Wake Forest summer program designed to promote pluralism

To promote a philosophy of education that embraces pluralism and builds community, Wake Forest University, Winston Salem State University and Salem College will take part in a four-week summer program beginning July 6.

“Each program, activity and discussion is designed to encourage analytical thinking about our approaches to learning and teaching as we confront our own biases and consider the realities of an increasingly pluralistic community,” says Jeryl Prescott, associate dean of the college at Wake Forest and organizer of the program. “A major goal of the initiative is to promote critical dialogue that goes beyond sensitivity, tolerance or political correctness.”

Wake Forest has been awarded $150,000 by the Pluralism and Unity Program of the William and Flora Hewlett Foundation to support a three-year project that will also include interactive workshops for faculty and administrators coordinated through Wake Forest’s Teaching and Learning Center, as well as student community-building outreach efforts.

Twenty-six participants, called “Hewlett Ambassadors,” will attend core classes in the summer program focused on “Race and Ethnicity in America” and “Prejudice and Racism.”
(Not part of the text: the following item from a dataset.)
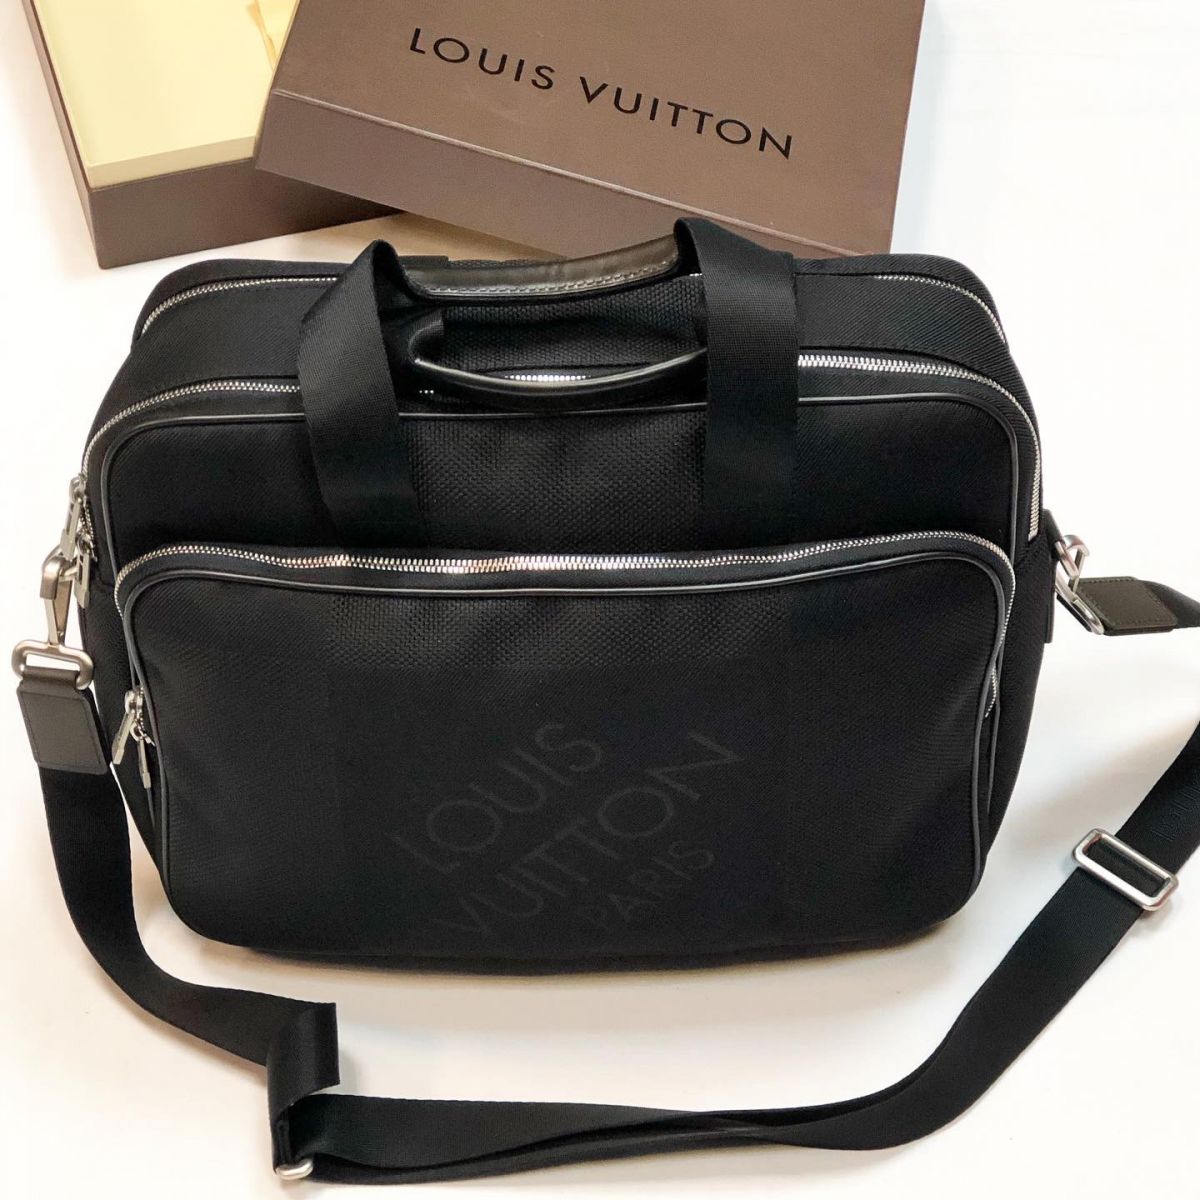 #MechtamenСумка Louis Vuitton размер 35/30 цена 61 540 руб

Wake Forest professors, Earl Smith, Rubin Professor of American Ethnic Studies and chair of the sociology department, and Charles Richman, professor of psychology, will teach the courses. Smith is an authority on ethnicity and urbanization in American society and has recently launched a multi-ethnic teaching and research project looking at “immigration and ethnicity” in 19th and 20th century America. Richman teaches an undergraduate course, “Human Diversity” and a graduate course titled, “Prejudice, Discrimination and Racism.” Others leading the summer program include: Paige Wilbanks, assistant director of student development at Wake Forest; Joyce Williams-Green, associate vice chancellor for academic affairs at Winston-Salem State University; and Ann McElaney-Johnson, associate dean of the college at Salem College.
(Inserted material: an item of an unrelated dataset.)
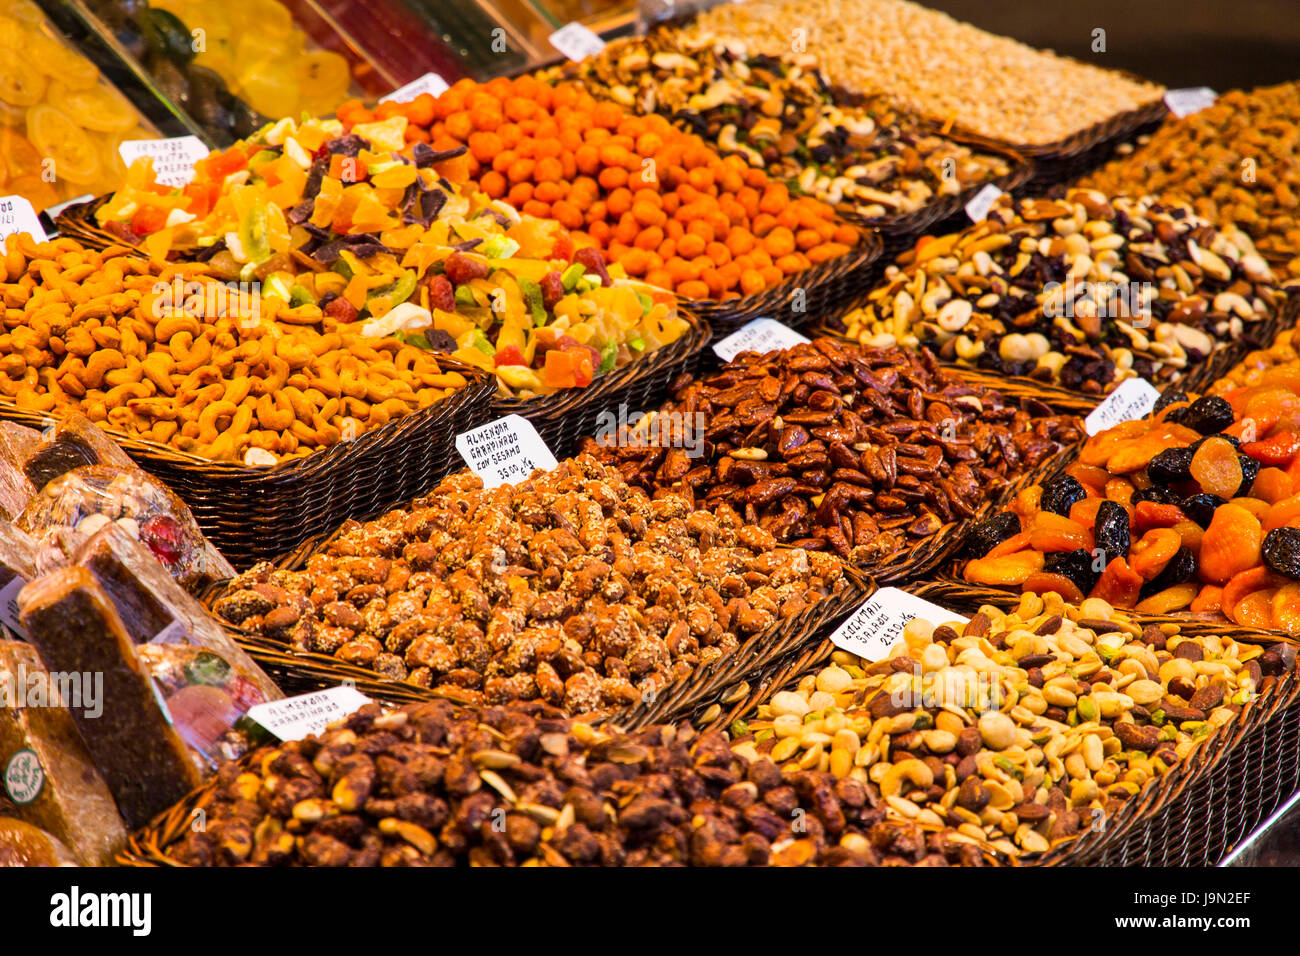 Apetitoso muestra de frutas, vegetales, nueces, dulces, carnes, pescados y quesos saludar a los visitantes a la expansión del mercado de La Boquería en Barcelona, España. Foto de stock

The summer program will include a film series that is free and open to the public. The films address African American, Asian American, Native American, Jewish American, female and international experiences. Facilitators will lead discussions after each film.
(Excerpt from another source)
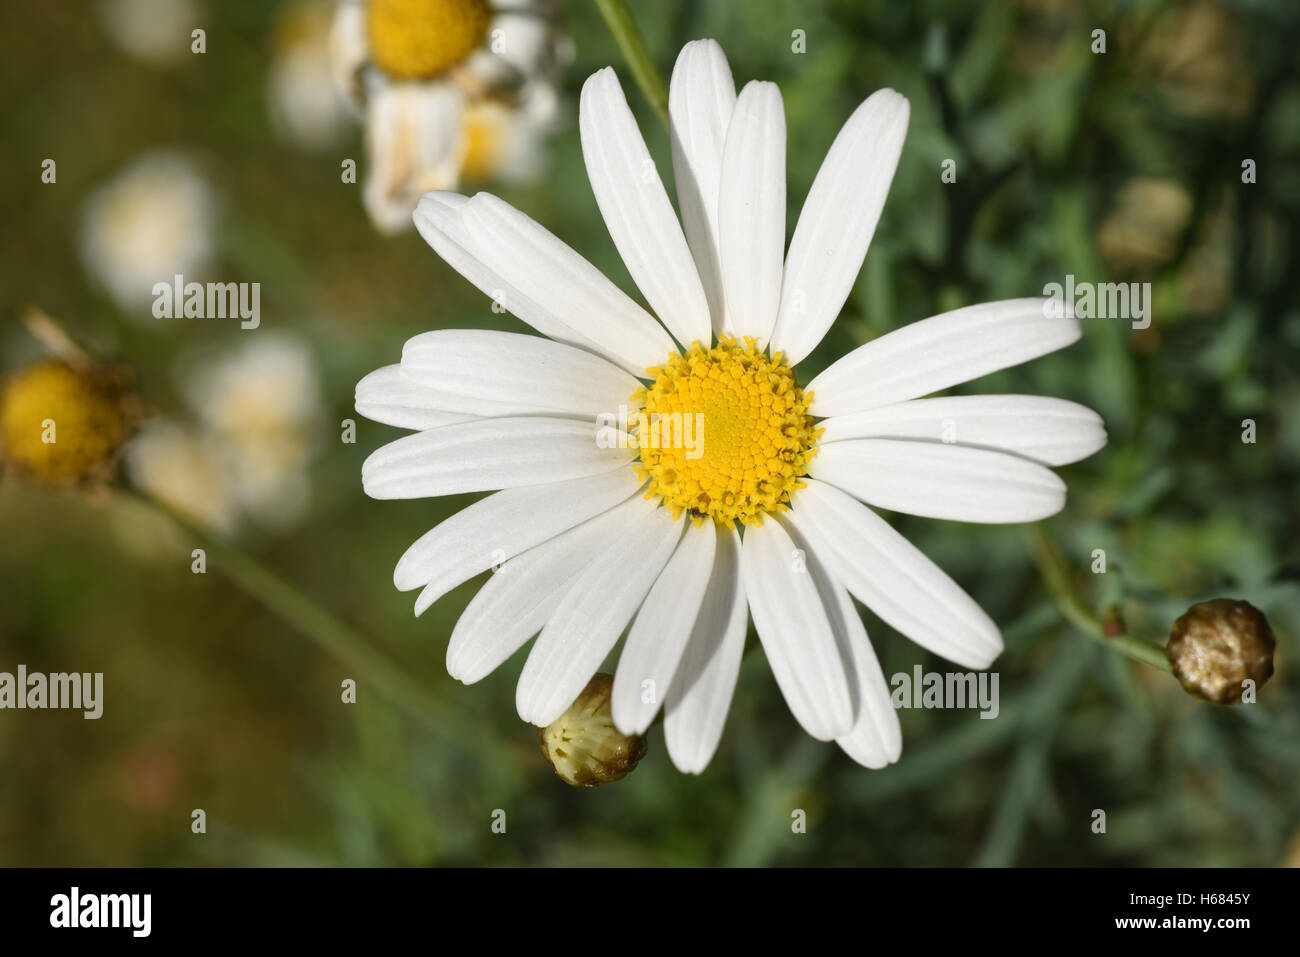 Schöne weiße Daisy Blume auf grüner Wiese, wilde Natur Landschaft Hintergrund mit Unschärfe-Effekt. Stockfoto

Films will be shown in Benson University Center’s Pugh Auditorium. Following is a schedule:

9 a.m. July 7
“Slam”- Story of a talented poet jailed in Washington, D.C., who finds expression for his frustrations with the help of an English teacher. Nathan Ross Freeman, playwright and instructor of playwriting and screenwriting at the University of North Carolina at Charlotte, will lead the discussion. Local poets will also read their works.

1 p.m. July 7
“Hate” – French film that follows three teenage boys for the 24-hours following the shooting of their friend by the police. Wake Forest graduate and West African native Maryam Rahman-Esene will lead the discussion.

4 p.m. July 11
“Smoke Signals” – The first film produced, directed, and acted by Native Americans that focuses on a young man’s family experiences with storytelling, alcoholism, and death. Several Native Americans from North Carolina will lead the discussion.(This film will be shown in Tribble Hall’s Detamble Auditorium.)

1 p.m. July 26
“We Once Were Warriors” – Story about a Maori family, the indigenous people of New Zealand. Joanna Iwata, director of the Benson University Center and advisor to the Wake Forest Asian student association, will lead the discussion.

1 p.m. July 31
“Get on the Bus”- Chronicles the experiences of several men traveling to the Million Man March and shows the diversity within the group as they discuss politics, sexuality, and family. Leander Sales, editor of the film and faculty member at North Carolina School of the Arts, will lead the discussion.

1 p.m. Aug. 1
Excerpts from “Shoah” – A direct confrontation with the people of the Holocaust including extensive interviews with victims, bystanders, and persecutors. Andrew Ettin, professor of English and counselor for the Wake Forest Jewish Students Organization, will lead the discussion.